When the issue of same-sex
marriages erupted in the diocese and there was going to have to be a gay
commission, Dawn asked to be on it. Ingham agreed to put the voice of ex-gays
in the Commission on the spot. That was in 1999. The diocese entered a two-year
study period on the subject. The bishop told her that she was on the commission
as the voice of the ex-gay. “I give Bishop Michael a lot of credit for doing
this --- he didn’t have to, but he did”, she wrote.
“But the dialogue process was
not geared for the ex-gay voice to be heard. I was invited to a parish and was
told I had only 15 minutes to tell my life story. I would have loved to talk
about my theological understanding of what happened to me, but I was told I was
only allowed to tell my story. My story was always negated by pro-gay stories
like that of a woman who started her story by stating she was never sexually
abused, in an attempt to negate my story. They planned and schemed against me.”
“At the end of the dialogue,
when I began to say what it was like to be openly ex-gay in the Anglican
Church, I was told on many occasions that I was never gay to begin with, or
that I was still gay but ignoring my tendencies. They would state that gay
people could not change their orientation. It was very painful and hurtful.”

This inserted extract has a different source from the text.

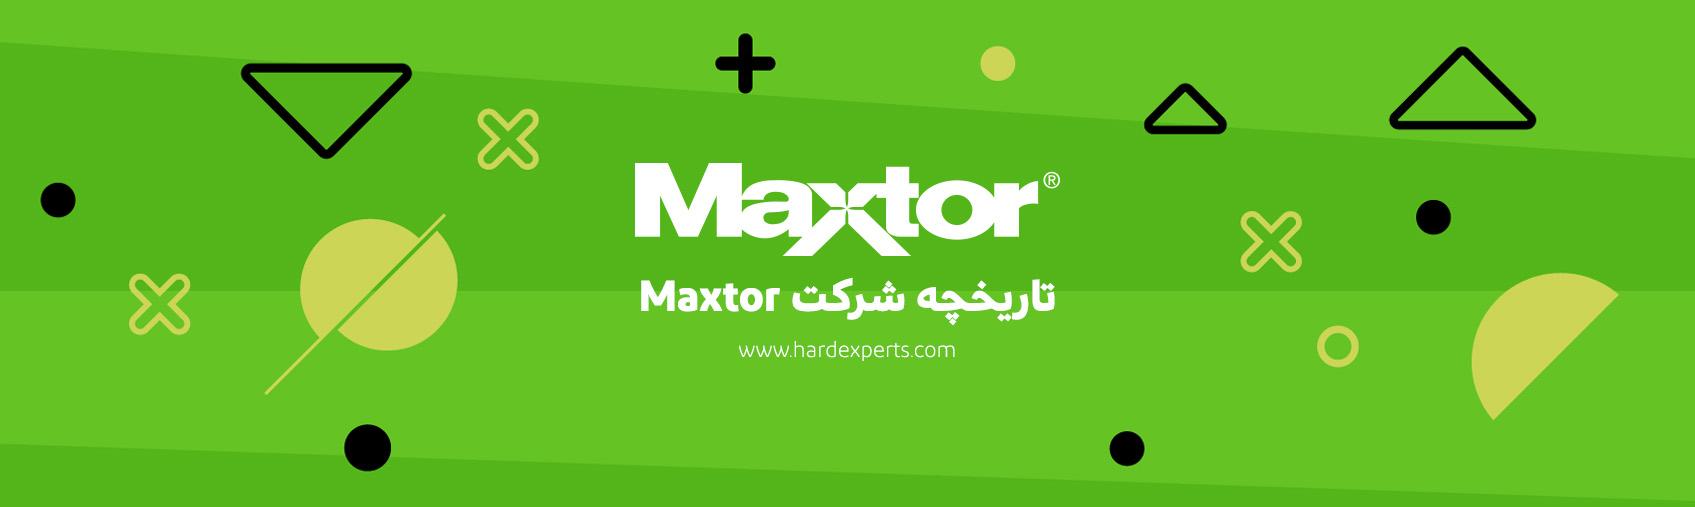 تاریخچه شرکت Maxtor
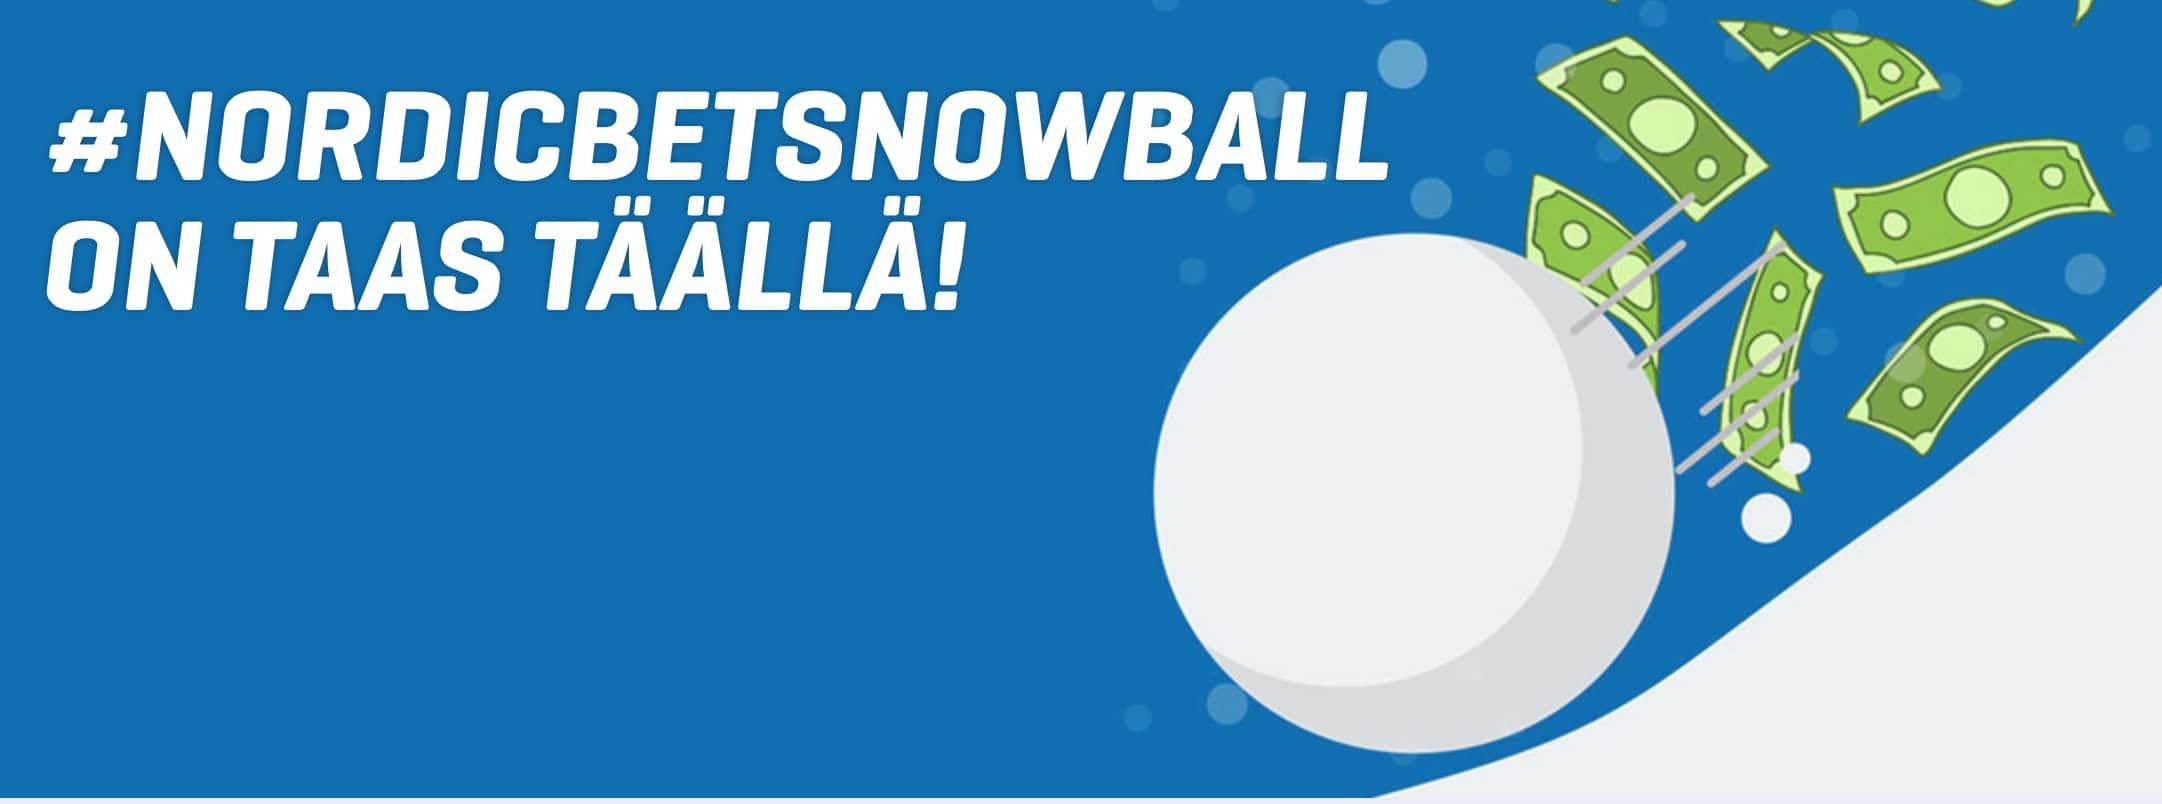 NordicBetin Snowball-kilpailu käynnissä – pääpalkintona matka ManU-Liverpool -peliin

I was told by an Archdeacon
that if I should go ahead with the [making of a] Fidelity video called ‘Touched
by the Master’, the ‘Bishop will not look too kindly on this’. “I did not feel
that Bishop Ingham supported me. I was the only ex-gay voice. Peter Turner, the
chairman of ‘Another Chance’ ministry offered to be on the Commission of gays
and lesbians as well as friends of gay and lesbians, as he was a friend of
ex-gays.”
“I got a lot of harassing
phone calls and E-mails and threats from gay rights activists. They were
closely connected to the time I gave parish talks. The harassment stopped as
soon as I stopped making the rounds. I used to get three or four calls a week.
Ex-gays were negated and ridiculed. The driving force was to discredit those
who had left the life style.”
“I want the church to listen
to the voices of ex-gays. I don’t want the church to turn its back on people
who want to leave the lifestyle. It is going on. I don’t want people, who are
struggling to get out of the lifestyle, to be told ‘God made me that way’. They
should have an opportunity to get out.”
“I was once in a pit when I
was gay. When I jumped out of the pit there was the whole world in front of me.
We should not stop supporting people who want to get out of the pit. The gospel
is about transformation of life and we cannot expect God to fit into our
lifestyle, we have to fit our lifestyle into what God demands of us.”